What is called Bulk Oil Circuit Breakers?
The circuit breakers in which the contacts part in oil and wherein the oil also provides the main insulation between the live part and earthed metal tank are called bulk oil circuit breakers.
What Does BOCB Stand For?
BOCB is electrical abbreviation of bulk oil circuit breakers.
Initially, the contacts were separated in the oil bath, and the movement of the oil, the cooling effect of the hydrogen created from the oil by the arc, and the distance which separated the contacts, were the factors that cooled the arc path and created the dielectric strength needed to interrupt the relatively small fault currents in the early days of power distribution.
These types of breakers are designed in all voltage ranges from 1000 V to 330 kV. Although the earliest switching devices employed air as the extinguishing medium, it was not long before a better dielectric was needed, and insulating oil soon appeared on the switchgear scene. Initially it was used in small quantities just around the contacts. As larger powers and voltages were required, the oil was also used as an insulating medium in an earthed metal tank and the bulk oil circuit breaker was born.

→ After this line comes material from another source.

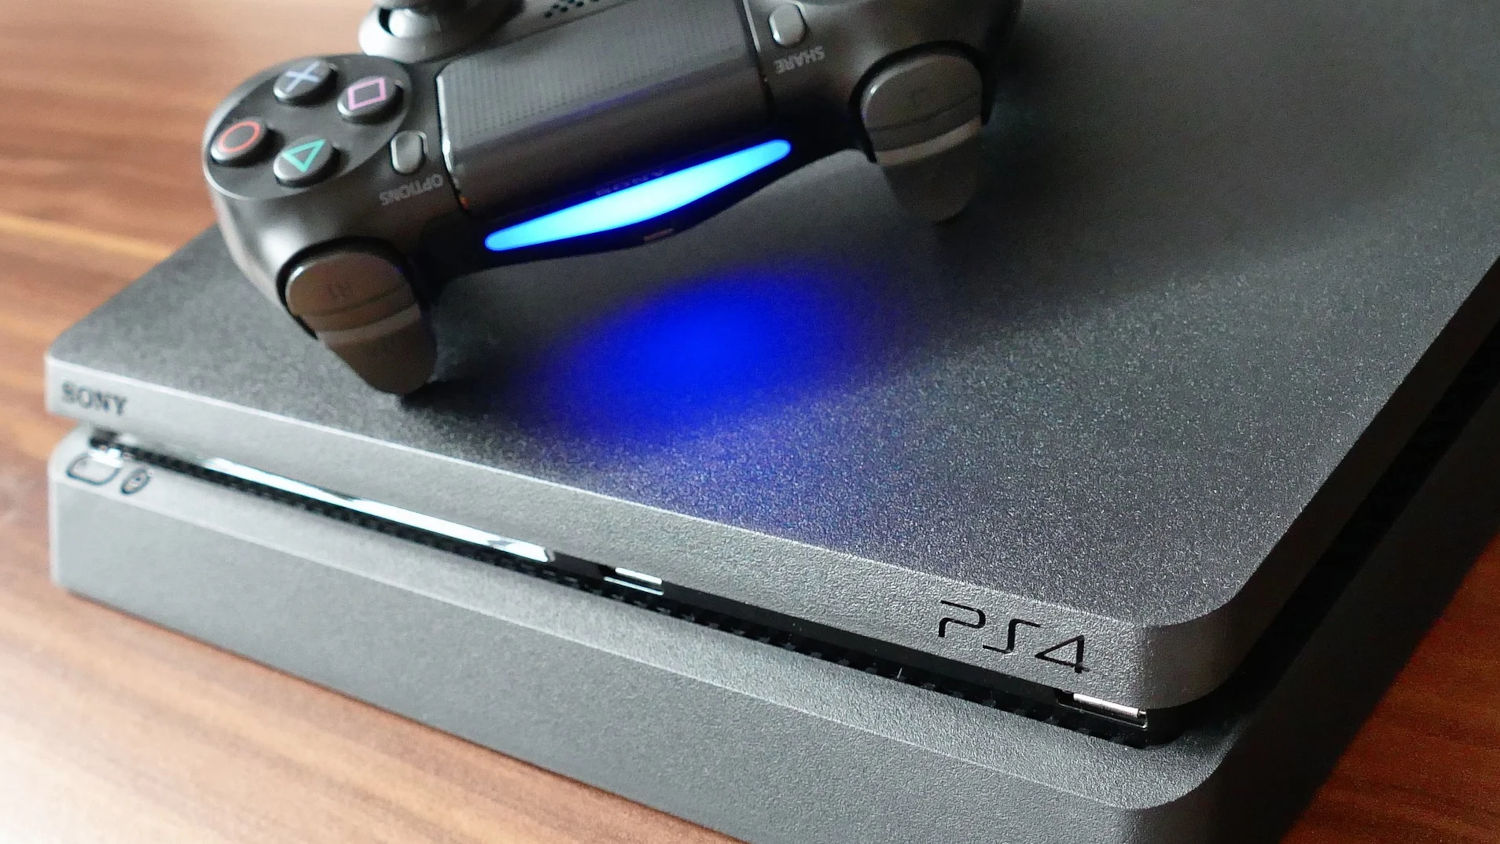 PlayStation pode permitir ajuda de outros jogadores para passar fase

As fault currents increased, the increase in pressure due to the vaporization of the oil increased the de-ionizing properties of the hydrogen bubble surrounding the arc path, and increased its dielectric strength, thus preserving the breaking capacity of the device. Obviously care had to be taken to ensure that the mechanical strength of the container was sufficient to withstand the higher pressures as Circuit breaker ratings increased, and the proportioning of the air space above the oil became a critical design parameter.

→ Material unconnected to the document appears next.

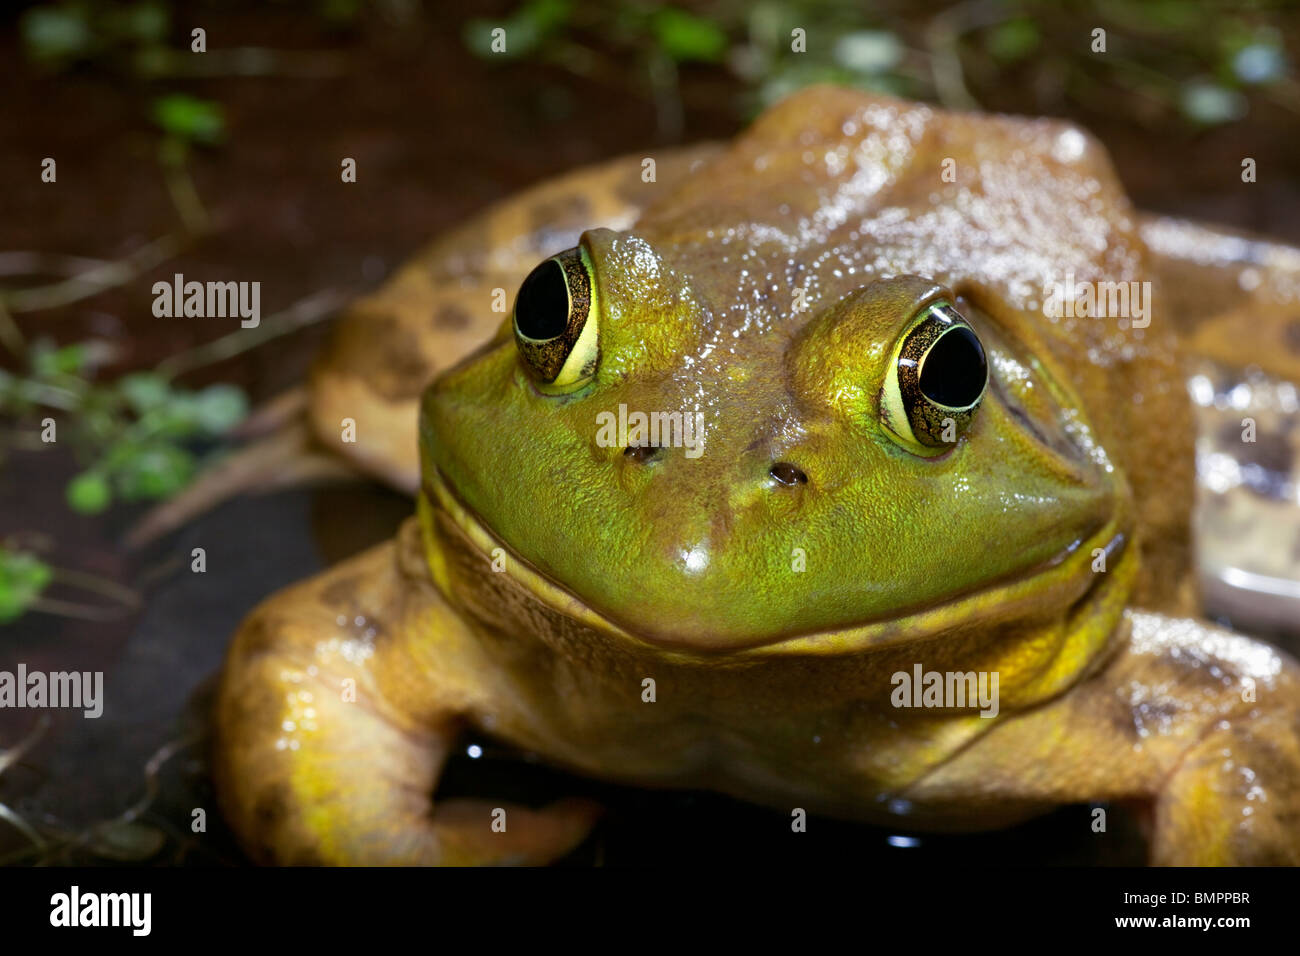 The American Bullfrog (Rana catesbeiana), often simply known as the Bullfrog. Stock Photo

Further research work led to the development of the side-vented ‘explosion pot’ or the ‘cross jet pot’, which forms the basis of arc control device used in oil circuit breakers.
Image is a cross-section drawing of a typical side-vented arc control device. The principle of operation of this device is that the pressure developed by the vaporization and dissolution of the oil is retained in the pot by withdrawing the moving contact through a stack of insulating plates having a minimum radial clearance around the contact. Thus there is practically no release of this pressure until the moving contact uncovers one of the side vents, created by cutting a slot in one of the plates.
|Side-vented arc control device|
The compressed hydrogen gas can then escape across the arc path, thus exerting a powerful cooling action on the ionized column. When the current zero is reached, the post-arc resistance increases rapidly due to this cooling action and clearance occurs.
At currents below the maximum rating of the circuit breaker, the cooling action is less vigorous, but the degree of ionization is also less, which is why clearance is still achieved. The design of an effective, wide range, arc control device requires a careful balance of the vent areas, vent spacing and contact speed to ensure consistent performance over the full range of currents. These circuit breakers face problems when clearing low currents, such as the load current of the circuit breaker.
One of the refinements made in the design to improve the interruption of small currents was the introduction of a supplementary oil chamber below the side vents. This is known as a compensating chamber and provides a fresh source of oil to be vaporized in order to feed more clean gas back across the arc path when clearing low currents. As with all types of circuit breakers which use the power of the arc to provide the means for its own extinction, there exists a ‘critical zone’ in the breaking current range.
BOCBs usually have a metal top dome, through which six bushings pass to connect into the system, and the arc control devices, generally of the form illustrated in the image., are attached to the bottom ends of these bushings. The moving contacts are then arranged on a bridge, which, in turn, is fastened to an insulated drive rod. A removable tank containing the insulating oil is bolted to the dome.
|View of bulk oil circuit breaker|
The earlier designs had two sets of contacts and arc control devices in series in each phase, and this type of oil circuit breaker was called ‘double break’. However, considerations of the voltage division between these two breaks during the recovery period led some manufacturers to create single break designs.
|Breaker with oil tank lowered|
The development of BOCBs was limited to the 330 kV class. The limitations were mainly due to the use of a very large amount of oil (app. 50,000 | for a 330 kV circuit breaker), the requirement of a very high speed of contact separation and the use of a large energy mechanism. After bulk oil devices, minimum oil circuit breakers and air blast circuit breakers were introduced.